Run from a Fabric Pipeline¶
Goal: Execute a weevr loom from a Microsoft Fabric notebook, handle the results, and schedule the notebook through a Fabric Data Pipeline for automated production runs.
Prerequisites¶
- A Microsoft Fabric workspace with a Lakehouse attached
- weevr installed in the Fabric Spark environment (or inline via
%pip) - A weevr project with config files (threads, weaves, looms) synced to the Lakehouse via Fabric Git integration or uploaded manually
Step 1 -- Create a Fabric notebook¶
In your Fabric workspace, create a new notebook. Attach it to a Lakehouse that contains your weevr config files and source data.
Install weevr if it is not already part of the Spark environment:
Step 2 -- Import weevr and get the SparkSession¶
Fabric notebooks provide a pre-configured spark variable. Use it directly
with the weevr Context:
Environment-specific parameters
Use the params argument to pass environment-specific values
at runtime. Variables in your YAML configs resolve from these parameters.
Step 3 -- Execute the loom¶
Call ctx.run() with the path to your loom config:
The path resolves relative to the notebook's working directory. In Fabric, this is typically the root of the attached Lakehouse's Files section. Adjust the path if your config files are in a subdirectory.
Step 4 -- Handle the result¶
Inspect the RunResult and decide how to surface outcomes:
print(result.summary())
if result.status == "failure":
# Log details for operational visibility
for warning in result.warnings:
print(f"WARNING: {warning}")
# Optionally raise to signal failure to the pipeline
raise RuntimeError(f"Loom execution failed: {result.config_name}")
For partial failures (some threads succeeded, others failed):
if result.status == "partial":
print("Partial success -- some threads failed.")
print(result.summary())
Step 5 -- Pass runtime parameters¶
Override parameter file values or inject execution-specific values through the
params argument:
ctx = Context(
spark,
"my-project.weevr",
params={
"run_date": "2025-06-15",
"batch_id": "nightly_20250615",
},
)
result = ctx.run("nightly.loom")
Runtime parameters take highest priority, followed by config defaults.
Step 6 -- Schedule via a Fabric Data Pipeline¶
Create a Fabric Data Pipeline to automate execution:
- In your workspace, create a new Data Pipeline.
- Add a Notebook activity to the pipeline canvas.
- Configure the activity to run your weevr notebook.

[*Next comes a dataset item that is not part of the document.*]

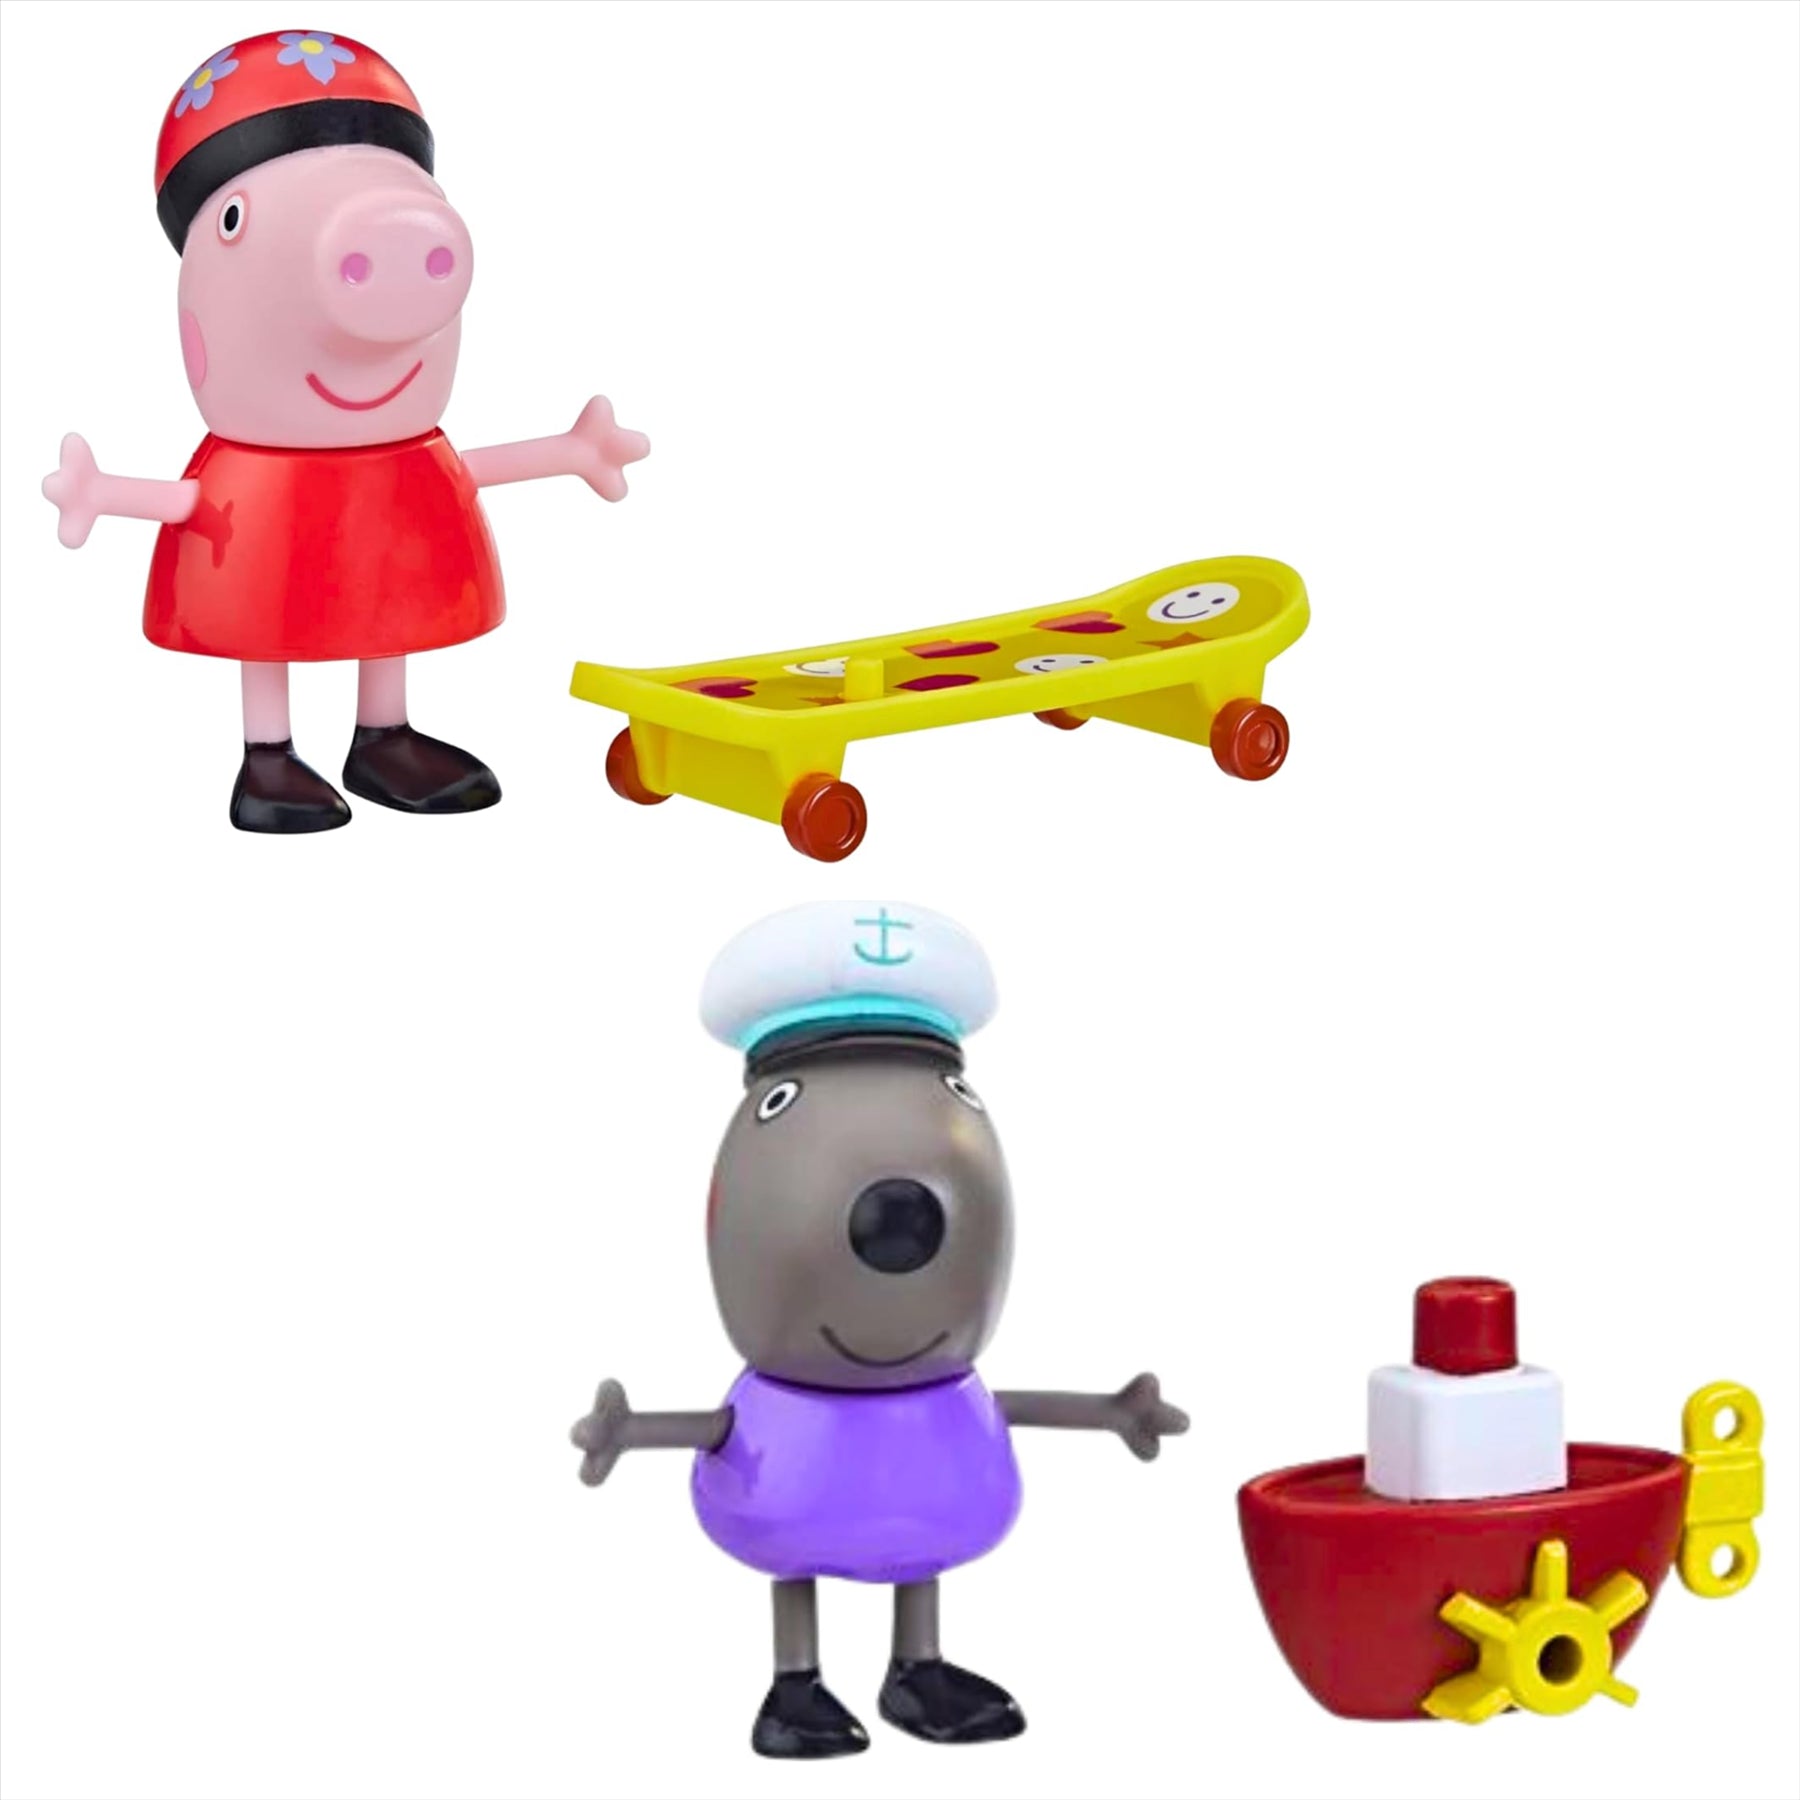 Peppa Pig - 3" 8cm Articulated Figure & Accessory - Peppa Pig with Skateboard & Danny Dog 2 Pack - Toptoys2u

- Set pipeline parameters if you need to pass dynamic values (such as a run
date) into the notebook. Access them with
mssparkutils.notebook.params. - Add a Schedule trigger with your desired frequency (daily, hourly, etc.).
To pass pipeline parameters into weevr:
from weevr import Context
# Read pipeline parameters injected by the Notebook activity
run_date = mssparkutils.notebook.params.get("run_date", "")
ctx = Context(
spark,
"my-project.weevr",
params={"run_date": run_date},
)
result = ctx.run("nightly.loom")
# Signal success or failure to the pipeline
if result.status == "failure":
raise RuntimeError(f"Loom failed: {result.summary()}")

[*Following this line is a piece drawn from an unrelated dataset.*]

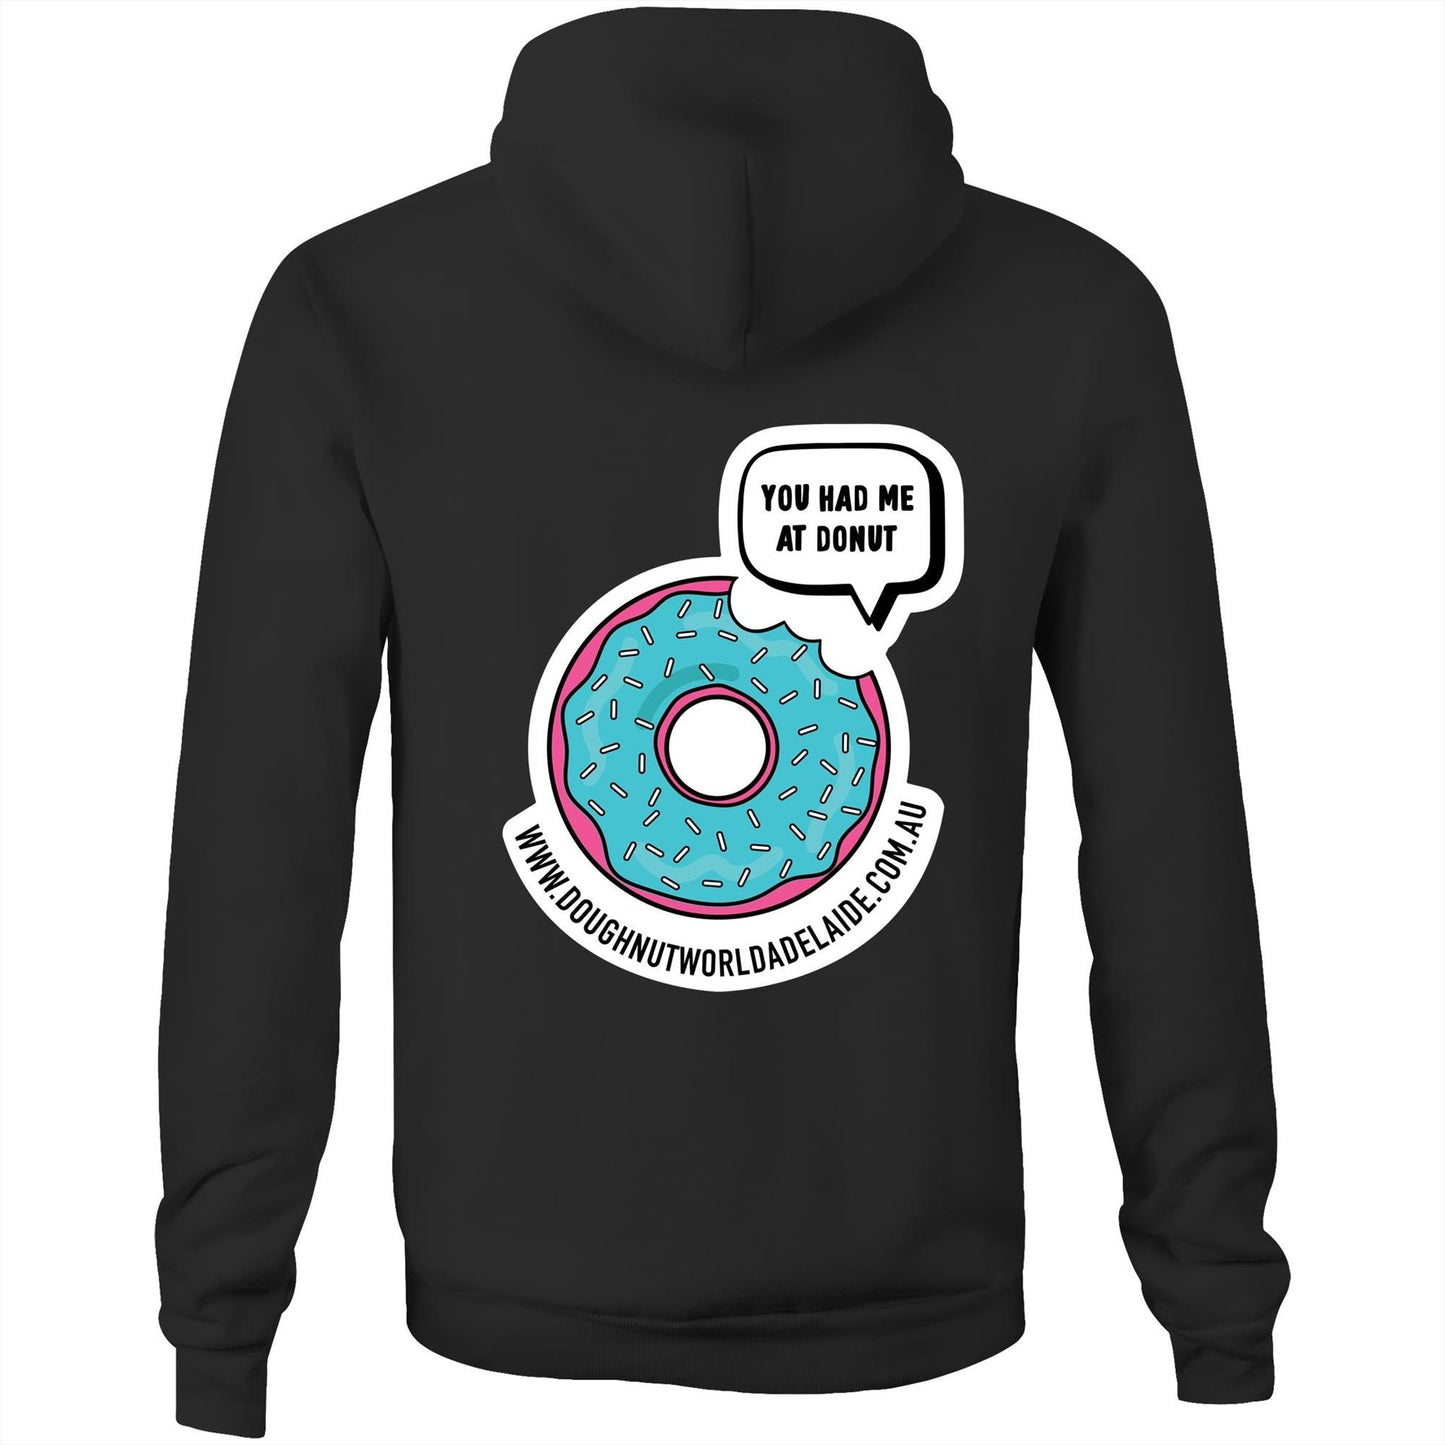 Doughnut World Logo front and back - Hoodie Sweatshirt

# Exit cleanly to mark the activity as successful
mssparkutils.notebook.exit(result.status)
Pipeline error propagation
Raising an exception from the notebook causes the pipeline Notebook activity to report failure. Downstream pipeline activities can branch on this status using success/failure conditions.
Verify the scheduled run¶
After the first scheduled execution completes:
- Check the pipeline run history in Fabric for success/failure status.
- Open the notebook run output to see
result.summary()and any warnings. - Query the target Delta tables to confirm data landed as expected.
- If you have a telemetry sink, verify that telemetry rows were written for the run.